On 13/12/2022 16:00, Juergen Gross wrote:
> @@ -115,47 +117,32 @@ hashtable_expand(struct hashtable *h)
>       if (h->primeindex == (prime_table_length - 1)) return 0;
>       newsize = primes[++(h->primeindex)];
>   
> -    newtable = (struct entry **)calloc(newsize, sizeof(struct entry*));
> -    if (NULL != newtable)
> +    newtable = talloc_realloc(h, h->table, struct entry *, newsize);
> +    if (!newtable)
>       {
> -        /* This algorithm is not 'stable'. ie. it reverses the list
> -         * when it transfers entries between the tables */
> -        for (i = 0; i < h->tablelength; i++) {
> -            while (NULL != (e = h->table[i])) {
> -                h->table[i] = e->next;
> -                index = indexFor(newsize,e->h);
> +        h->primeindex--;
> +        return 0;
> +    }
> +
> +    h->table = newtable;
> +    memset(newtable + h->tablelength, 0,
> +           (newsize - h->tablelength) * sizeof(*newtable));
> +    for (i = 0; i < h->tablelength; i++) {

I understand this code is taken from the realloc path.
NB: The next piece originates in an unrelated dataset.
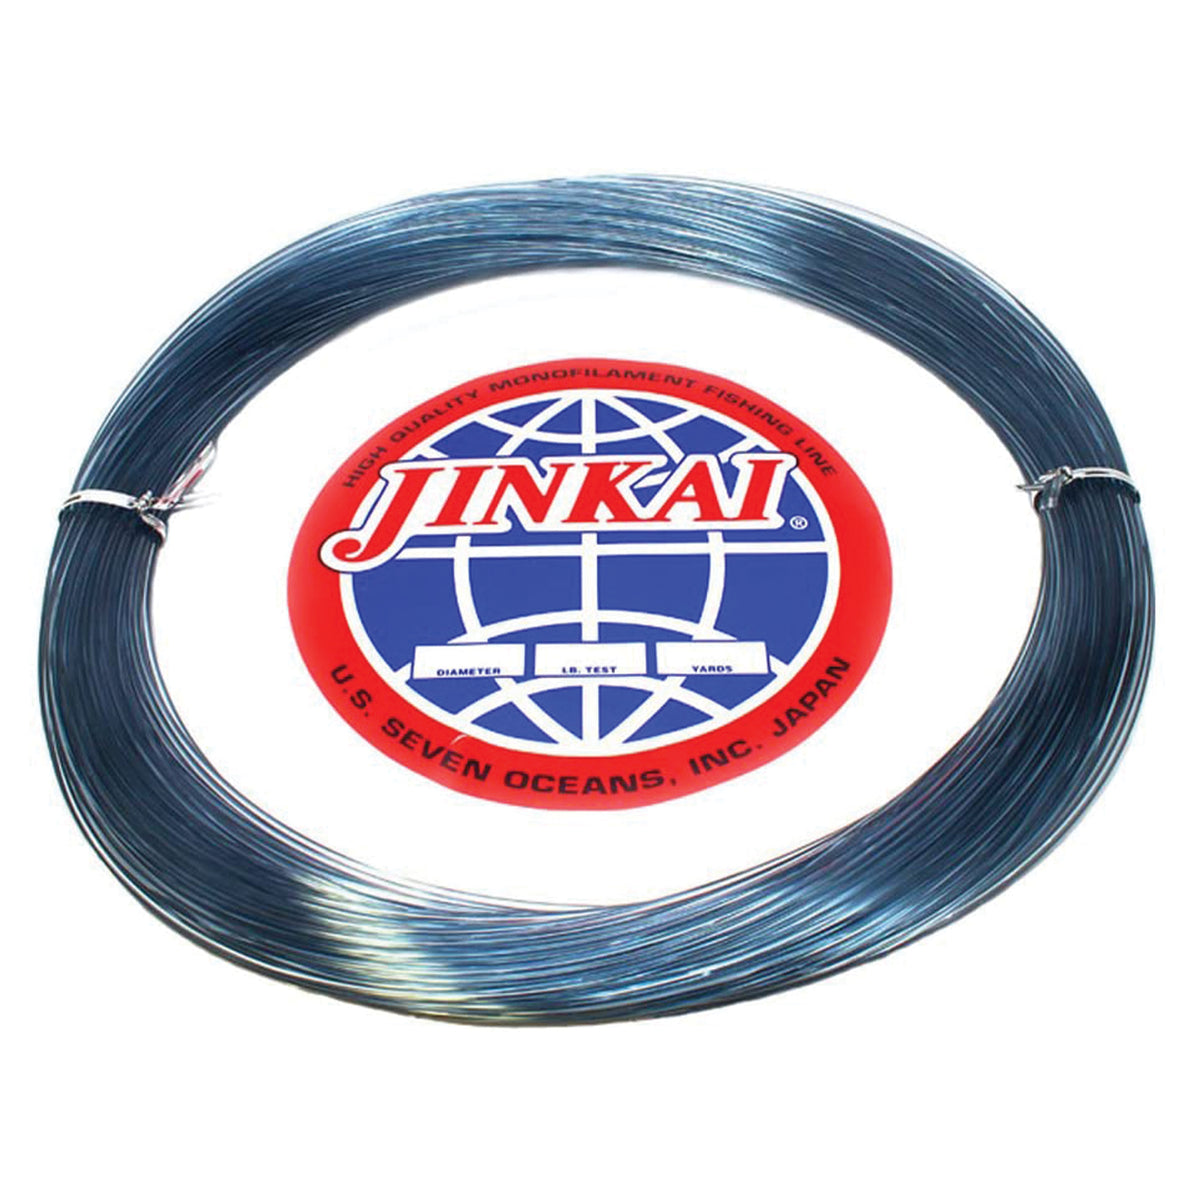 Swatter Champion Copolymer Leader Mono Fishing Line 60m 50lb, 80lb, 120lb -  Wholesale Fishing Supplies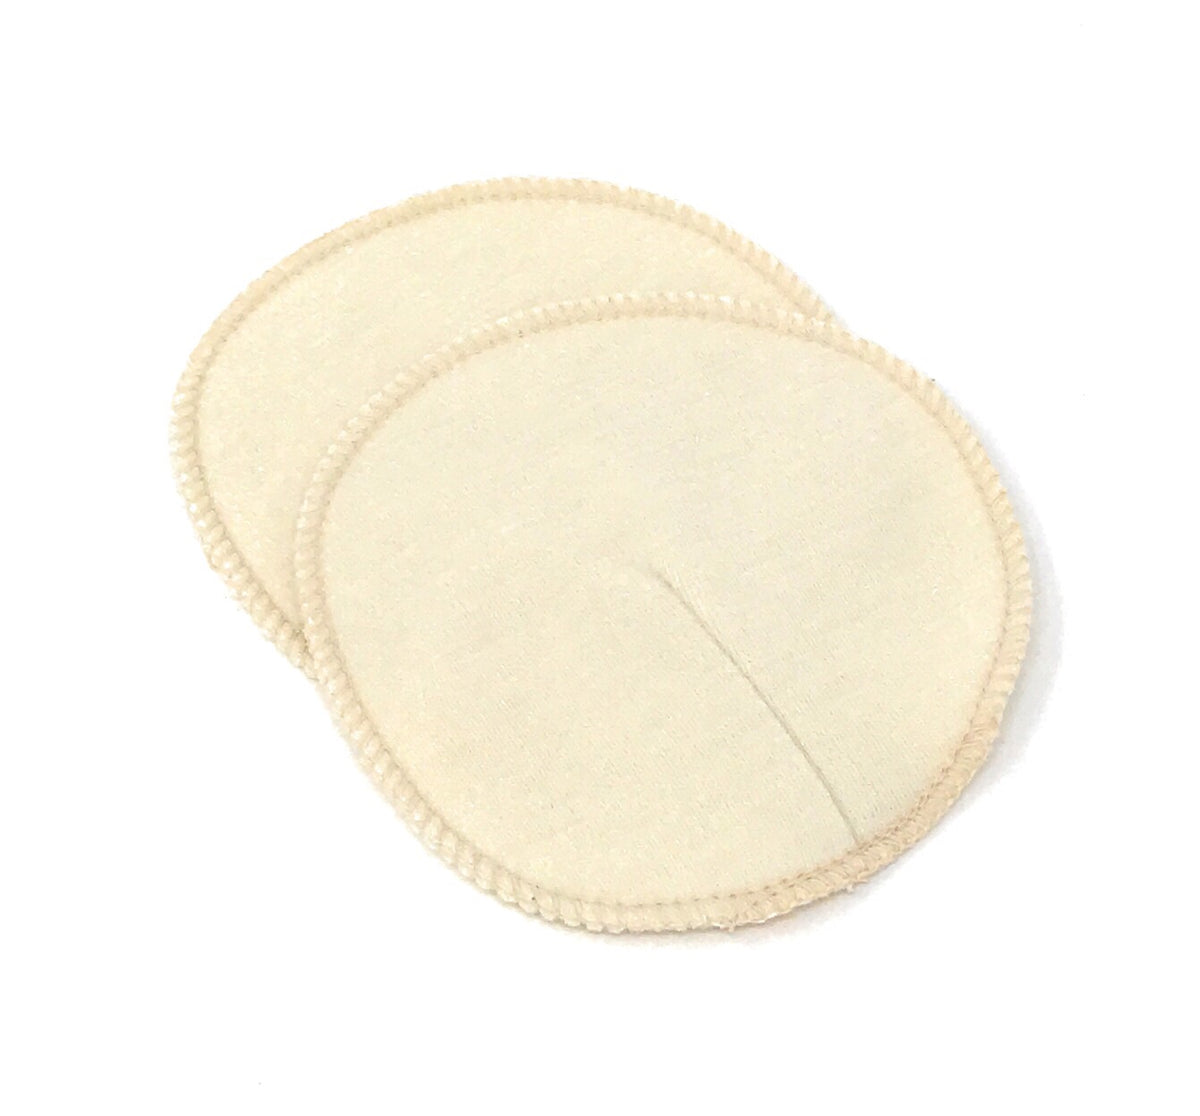  Engel Breast Pads (4) Merino Wool Silk Nursing Feeding Organic  Washable Reusable (1) : Baby

However, isn't 
this algorithm also not stable? If so, then I think we move the comment 
here.

> +        for (pE = &(newtable[i]), e = *pE; e != NULL; e = *pE) {
> +            index = indexFor(newsize,e->h);

Missing space after ",".

> +            if (index == i)
> +            {
> +                pE = &(e->next);
> +            }
> +            else
> +            {
> +                *pE = e->next;
>                   e->next = newtable[index];
>                   newtable[index] = e;
>               }
>           }
> -        free(h->table);
> -        h->table = newtable;
> -    }
> -    /* Plan B: realloc instead */
> -    else
> -    {
> -        newtable = (struct entry **)
> -                   realloc(h->table, newsize * sizeof(struct entry *));
> -        if (NULL == newtable) { (h->primeindex)--; return 0; }
> -        h->table = newtable;
> -        memset(newtable + h->tablelength, 0,
> -               (newsize - h->tablelength) * sizeof(*newtable));
> -        for (i = 0; i < h->tablelength; i++) {
> -            for (pE = &(newtable[i]), e = *pE; e != NULL; e = *pE) {
> -                index = indexFor(newsize,e->h);
> -                if (index == i)
> -                {
> -                    pE = &(e->next);
> -                }
> -                else
> -                {
> -                    *pE = e->next;
> -                    e->next = newtable[index];
> -                    newtable[index] = e;
> -                }
> -            }
> -        }
>       }
> +
>       h->tablelength = newsize;
>       h->loadlimit   = (unsigned int)
>           (((uint64_t)newsize * max_load_factor) / 100);
> @@ -184,7 +171,7 @@ hashtable_insert(struct hashtable *h, void *k, void *v)
>            * element may be ok. Next time we insert, we'll try expanding again.*/
>           hashtable_expand(h);
>       }
> -    e = (struct entry *)calloc(1, sizeof(struct entry));
> +    e = talloc_zero(h, struct entry);
>       if (NULL == e) { --(h->entrycount); return 0; } /*oom*/
>       e->h = hash(h,k);
>       index = indexFor(h->tablelength,e->h);
> @@ -238,8 +225,8 @@ hashtable_remove(struct hashtable *h, void *k)
>               h->entrycount--;
>               v = e->v;
>               if (h->flags & HASHTABLE_FREE_KEY)
> -                free(e->k);
> -            free(e);
> +                talloc_free(e->k);
> +            talloc_free(e);
>               return v;
>           }
>           pE = &(e->next);
> @@ -280,25 +267,20 @@ void
>   hashtable_destroy(struct hashtable *h)
>   {
>       unsigned int i;
> -    struct entry *e, *f;
> +    struct entry *e;
>       struct entry **table = h->table;
>   
>       for (i = 0; i < h->tablelength; i++)
>       {
> -        e = table[i];
> -        while (NULL != e)
> +        for (e = table[i]; e; e = e->next)
>           {
> -            f = e;
> -            e = e->next;
>               if (h->flags & HASHTABLE_FREE_KEY)
> -                free(f->k);
> +                talloc_free(e->k);
>               if (h->flags & HASHTABLE_FREE_VALUE)
> -                free(f->v);
> -            free(f);

AFAIU, the loop is reworked so you let talloc to free each element with 
the parent. Using a while loop is definitely cleaner, but now you will 
end up to have two separate loop for the elements.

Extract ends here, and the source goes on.